Rejuvenation Technologies CA, USA; https://rejuvenationtech.com), a biotechnology company developing mRNA-based therapeutics to address mechanisms of aging, has announced a US $10.6 M seed financing round [40]. The company has also raised US$4.6 M in grant funding, bringing the total amount raised to US$15.2 M. The funding will be used to advance its programs to IND approval in fibrotic disease, such as pulmonary fibrosis and liver cirrhosis, as well as early research targeting the immune system. Rejuvenation's lead candidate targets a key aging mechanism, telomere shortening. The company's products include optimized telomerase mRNA encapsulated in custom tissue-targeted lipid nanoparticles (LNP). The company plans to expand its operations and bring on additional team members to oversee scale-up manufacturing, clinical operations and R&D efforts to expand mRNA delivery capabilities to additional organ systems.

Thymmune

Thymmune Therapeutics (MA, USA; www.thymmune.com), a biotechnology company developing scalable thymic cell therapies to restore immune function in aging and disease, has announced that the US Department of Health and Human Services, through the Advanced Research Projects Agency for Health (ARPA-H; https://arpa-h.gov) has awarded up to US $37 million in funding to the Thymus Rejuvenation project [41]. This is the first industry project funded by the ARPA-H Open Broad Agency Announcement (https://arpa-h.gov/engage/baa/).

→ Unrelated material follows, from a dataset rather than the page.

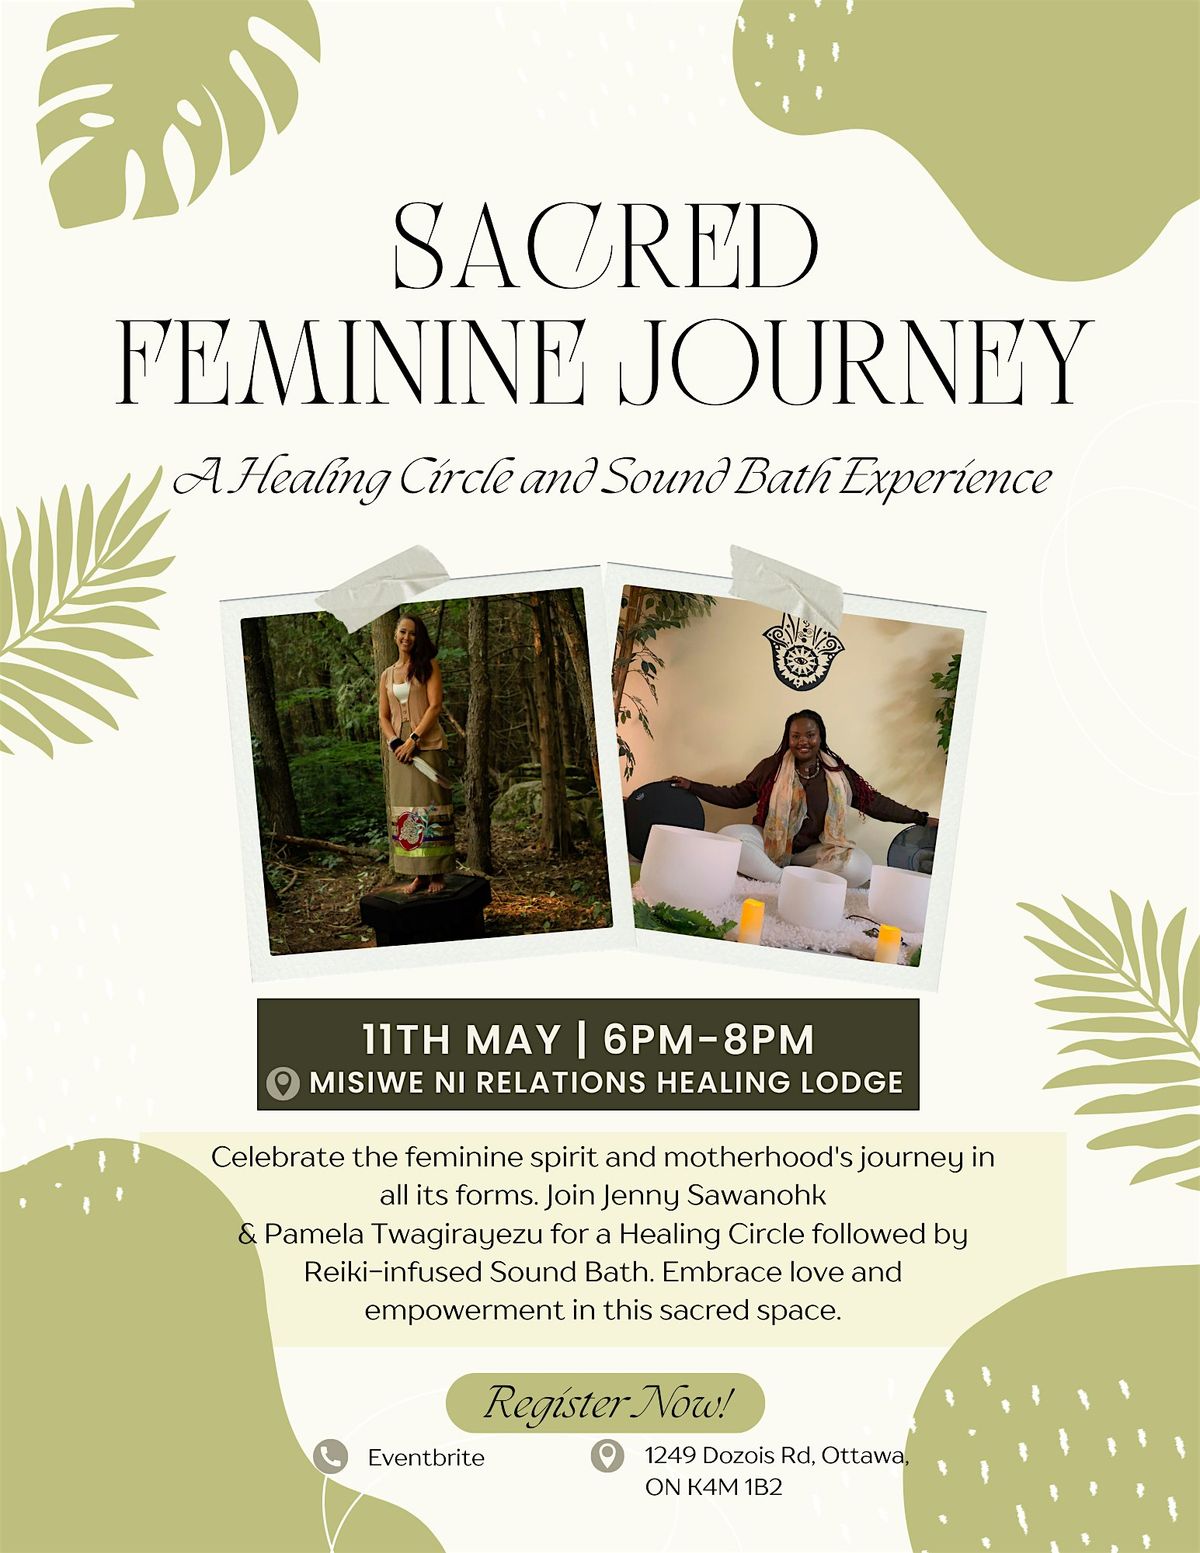 Sacred Feminine Journey: A Healing Circle and Sound Bath

The Thymus Rejuvenation project, led by Thymmune Therapeutics, aims to restore damaged or non-functional thymus tissue. Using laboratory methods, scientists can turn cells into different tissue types, eventually growing into functional thymus tissue for a patient, and allowing for a ‘reboot’ of immunity. ARPA-H funding will not only advance the treatment toward clinical development but also aim to effectively treat a broader range of clinical indications related to immune depletion as we age.